Is there an OMRI approved control for Harlequin bug?

Fred Johnson


Harlequin bug (of the stink bug or Pentatomidae family) adults and nymphs suck sap from all parts of the plant above the soil surface, causing yellow or white blotches to appear on leaves. Infested plants eventually wild and die. The cabbage family, squash, beans, peas, tomatoes, corn and peaches are most susceptible.

Mechanical controls include hand-picking adults and crushing egg masses (as frequently as possible), controlling weeds in susceptible crops, mowing weedy areas bordering areas under cultivation, and thorough cleanup after harvest (adults overwinter in weed and waste areas, particularly in more temperate zones).

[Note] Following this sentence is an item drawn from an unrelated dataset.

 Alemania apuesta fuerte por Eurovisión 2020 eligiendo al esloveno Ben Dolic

As a last resort, sabadilla dust or Pyrethrum may be used. OMRI (the Organic Materials Review Institute), www.omri.org, lists several brand names for Pyrethrum (and extract of the Pyrethrum daisy, Chrysanthemum cinerariifdolium) under “generic crop products” but does not have any such listing for sabadilla dust (an insect stomach poison derived from the South American lily). Both substances are listed as restricted in OMRI’s generic category in that they may be used only within the context of a regulated biorotational pest management plan. They may not be the primary method of pest control in an organic system plan.

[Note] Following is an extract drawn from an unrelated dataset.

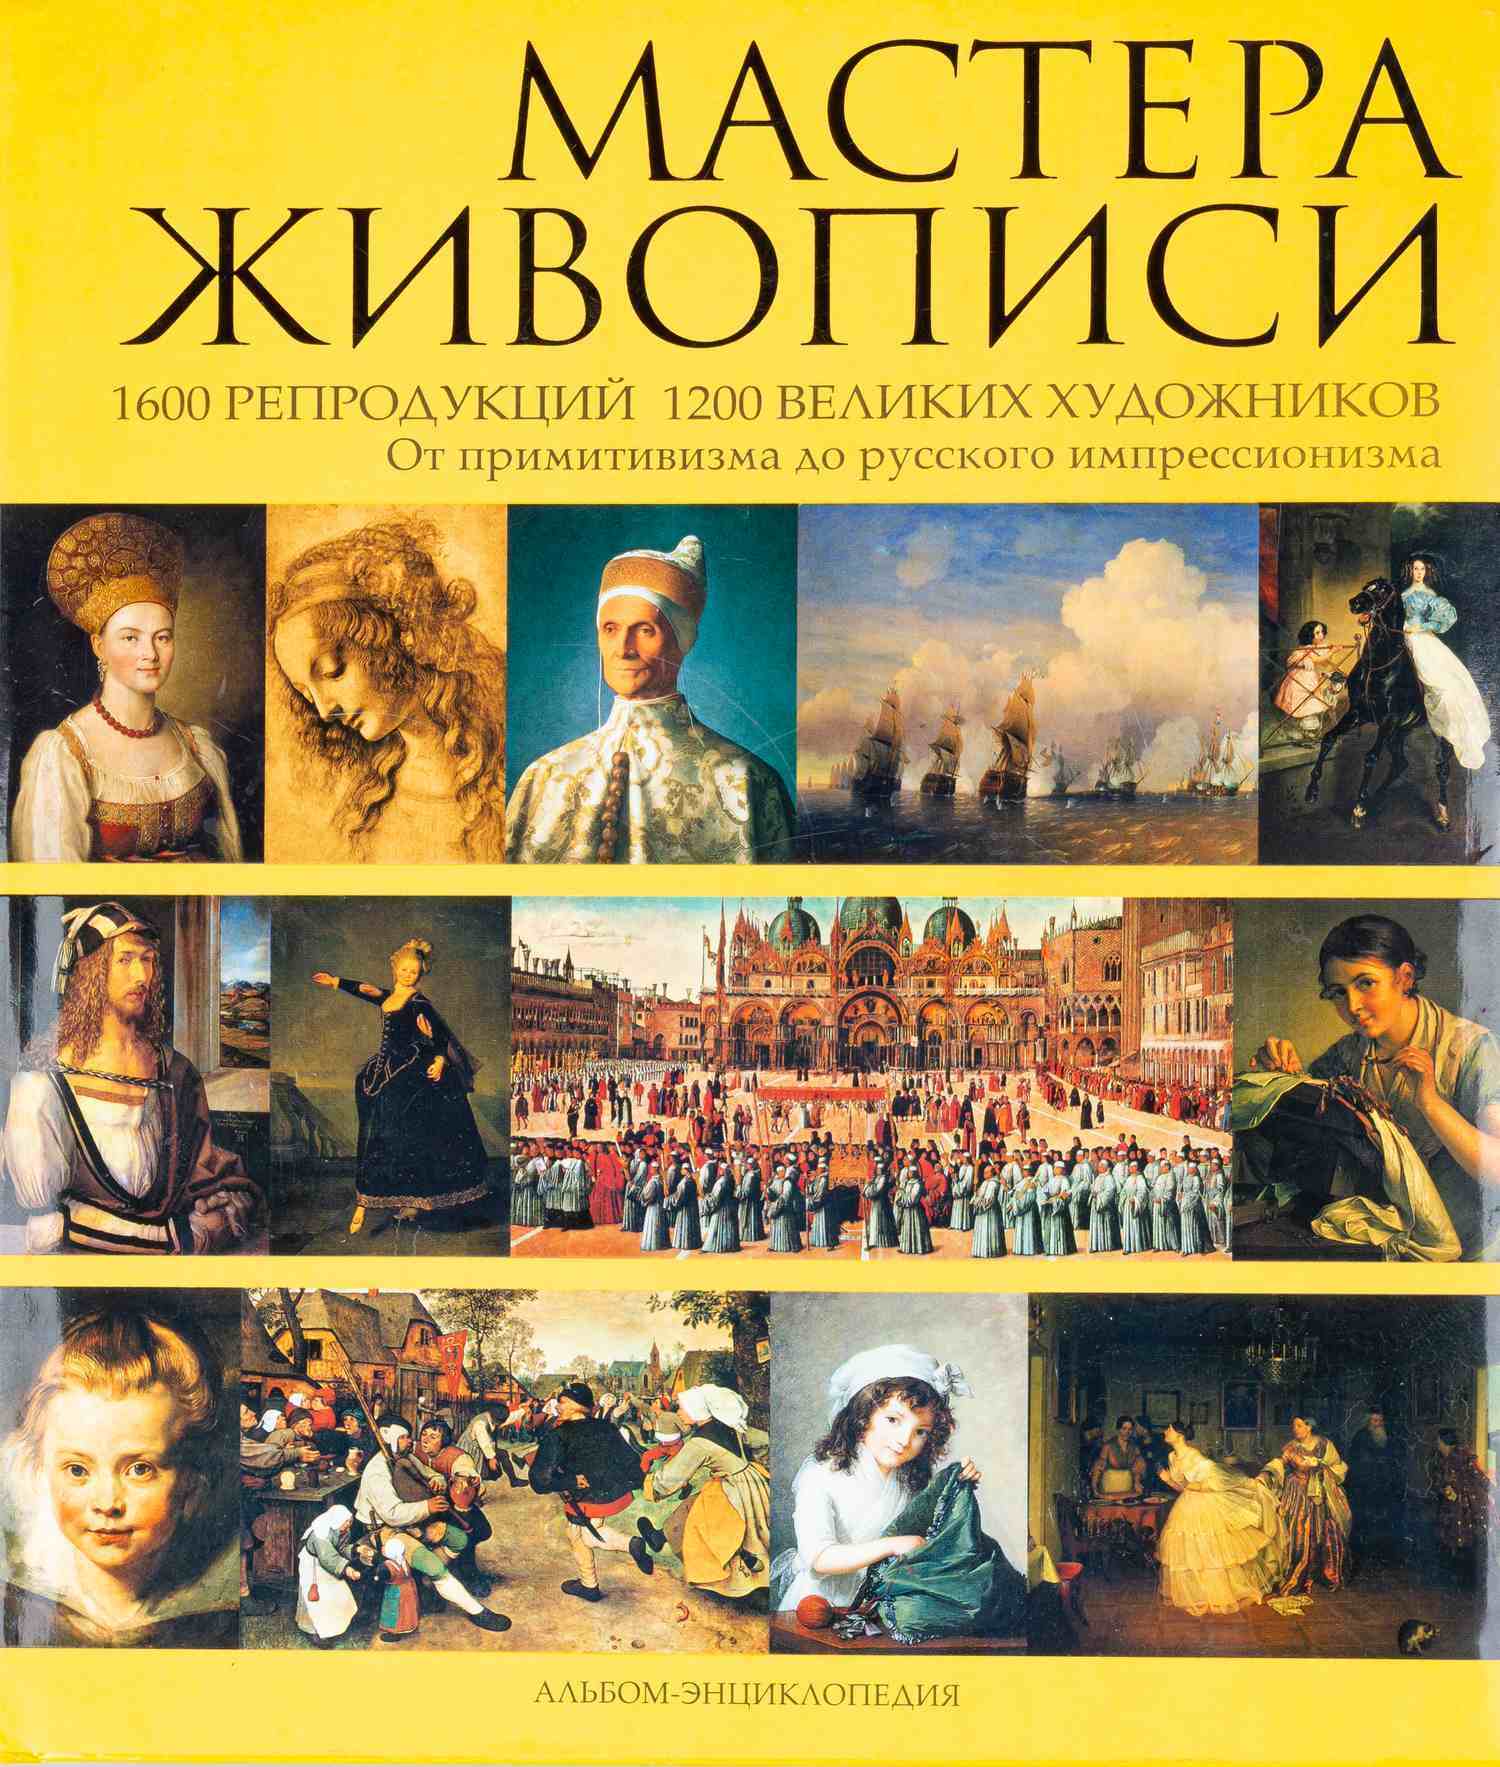 Андреев А.Н. Мастера живописи. Альбом-энциклопедия (М., 2008).

Section 205.206 of the federal Organic Rule underscores this philosophy of using such biological or botanical agents as a last resort “provided that the conditions for using the substance are documented in the organic system plan” only after other measures have failed to provide remedy. These measures, which should also be part of the overall management plan, include:

  • Crop rotation and soil and crop nutrient management practices
  • Sanitation measures to remove…habitat for pest organisms
  • Cultural practices that enhance crop health, including selection of plant species and varieties…resistant to prevalent pests
  • Introduction of predators
  • Development of habitat for natural enemies of pests [in the case of the harlequin bugs, parasitic wasps and flies, which are attracted by planting small-flowered plants
  • Nonsynthetic controls such as lures, traps, and repellants
  • Weed suppression

The bottom line is that even “natural” pesticides present hazards to the environment (including often killing the “good bugs” with the “bad bugs”) and to the farmer and should be used judiciously. Sound organic practices are the best defense against pests and disease.